Required action:
Please repeat exactly the lines below from the one containing "Cartoon Characters Png" down to the one containing "doors by garage", both included, and nothing else.
─── Data to use ───
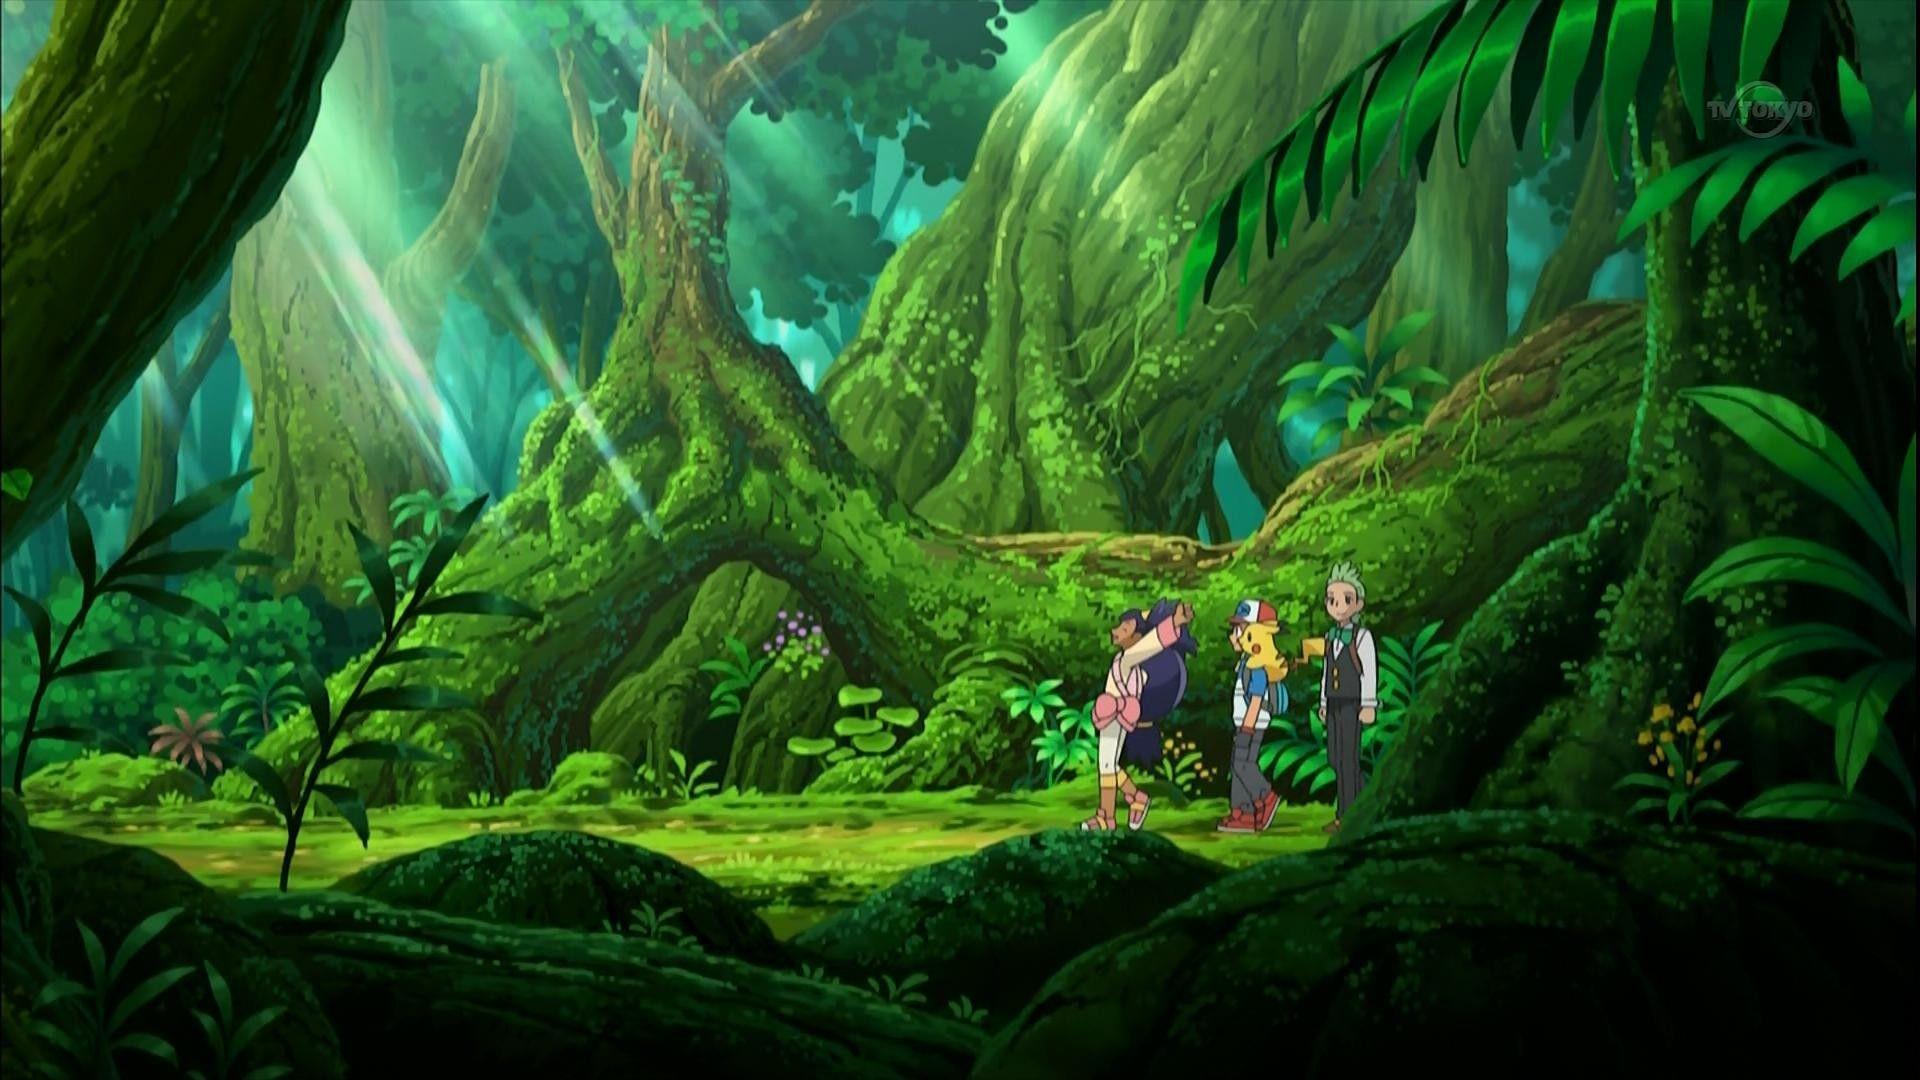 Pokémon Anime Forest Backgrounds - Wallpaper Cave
───
─── Data to use ───
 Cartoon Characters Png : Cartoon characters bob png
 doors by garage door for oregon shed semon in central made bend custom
───
Solution to this exercise:
 Cartoon Characters Png : Cartoon characters bob png
 doors by garage door for oregon shed semon in central made bend custom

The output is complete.